Since only part of the material below is wanted, output exactly the lines from the one with "Photo of $199" up to and including the one with "Mug - Christmas - in store or curbside".

— Records supplied —
%%

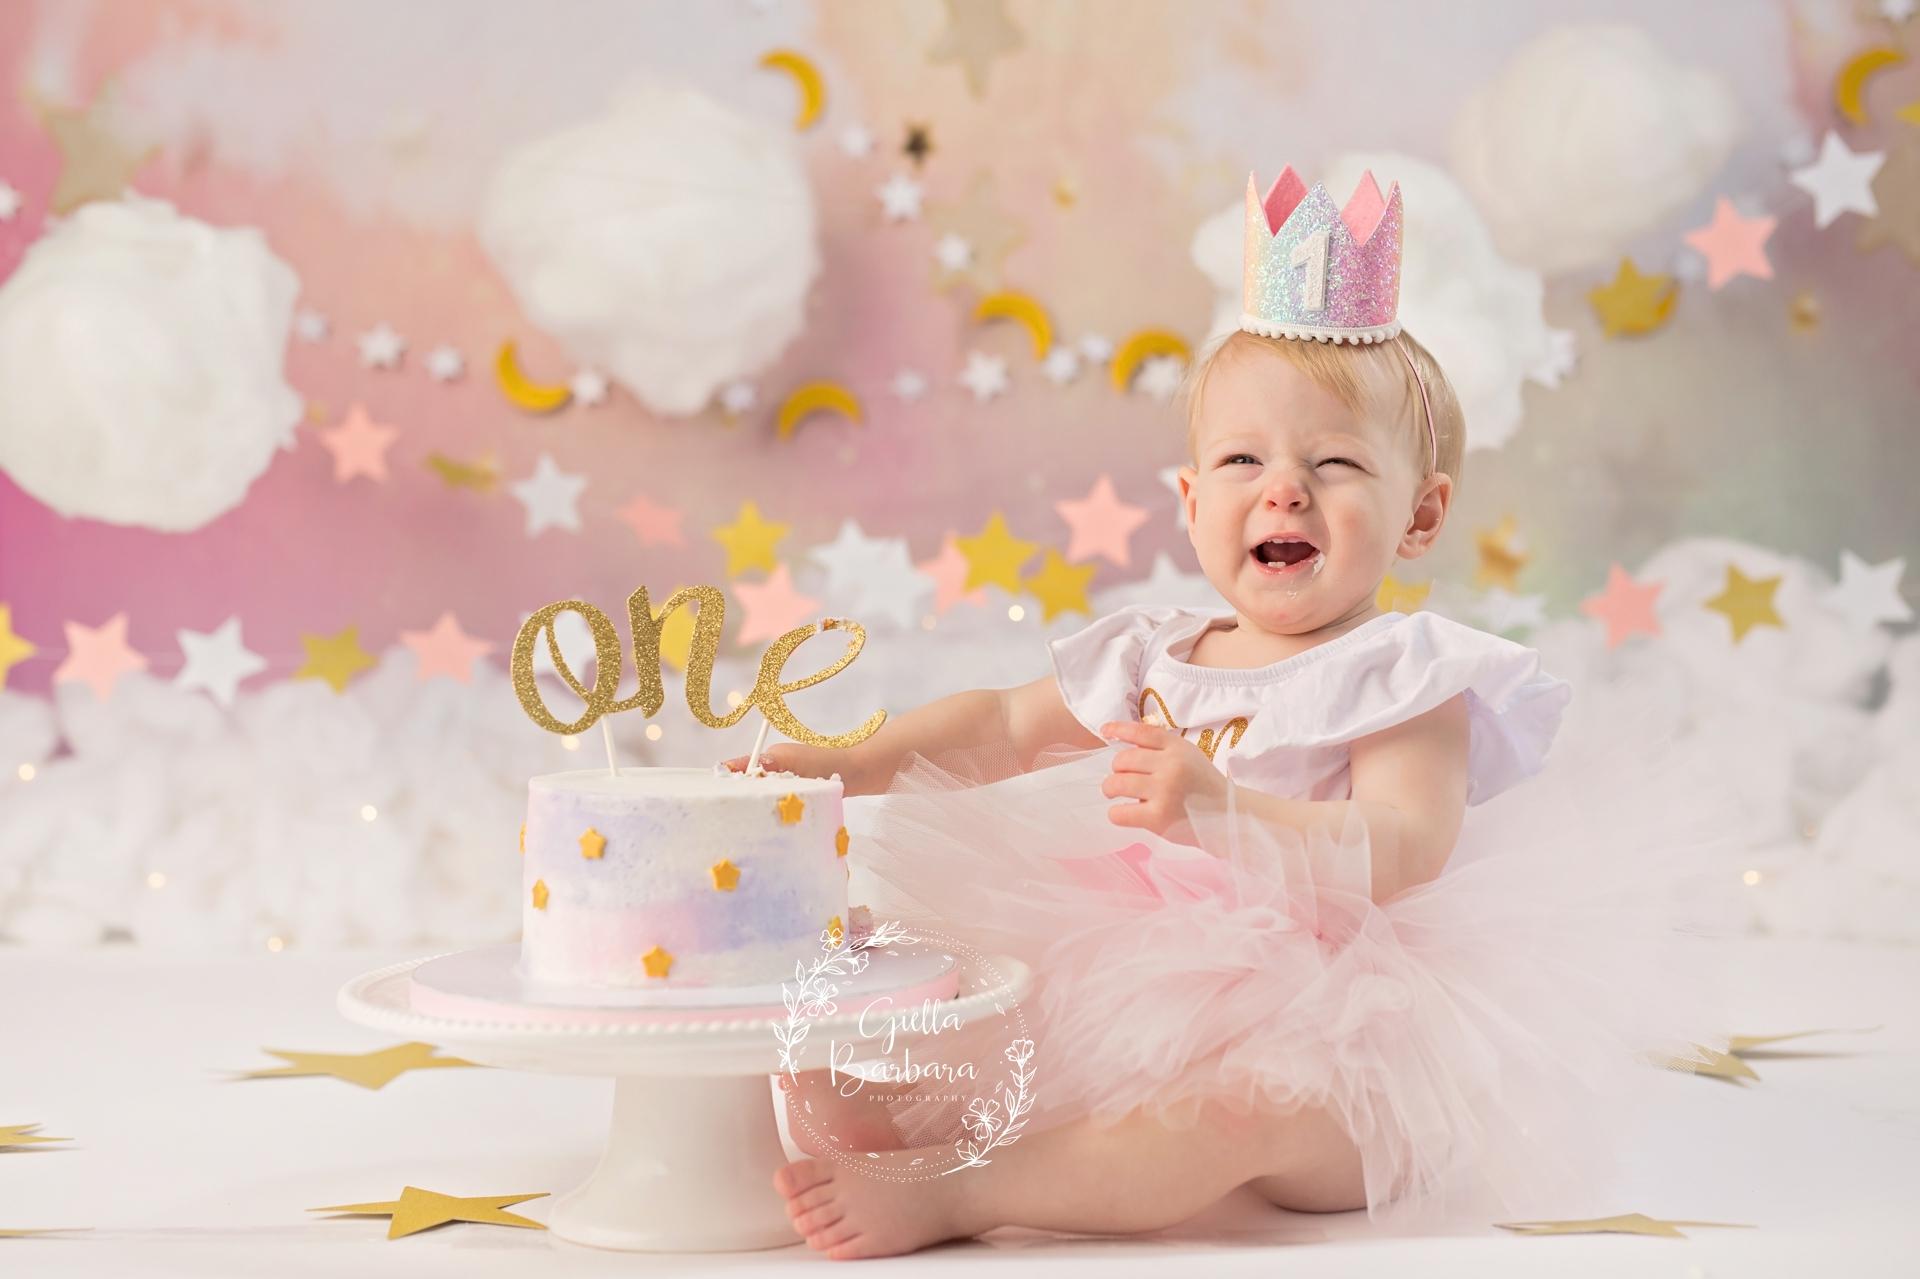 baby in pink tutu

%%
%%

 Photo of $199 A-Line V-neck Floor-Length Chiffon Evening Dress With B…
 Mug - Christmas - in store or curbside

%%

— Written solution —
 Photo of $199 A-Line V-neck Floor-Length Chiffon Evening Dress With B…
 Mug - Christmas - in store or curbside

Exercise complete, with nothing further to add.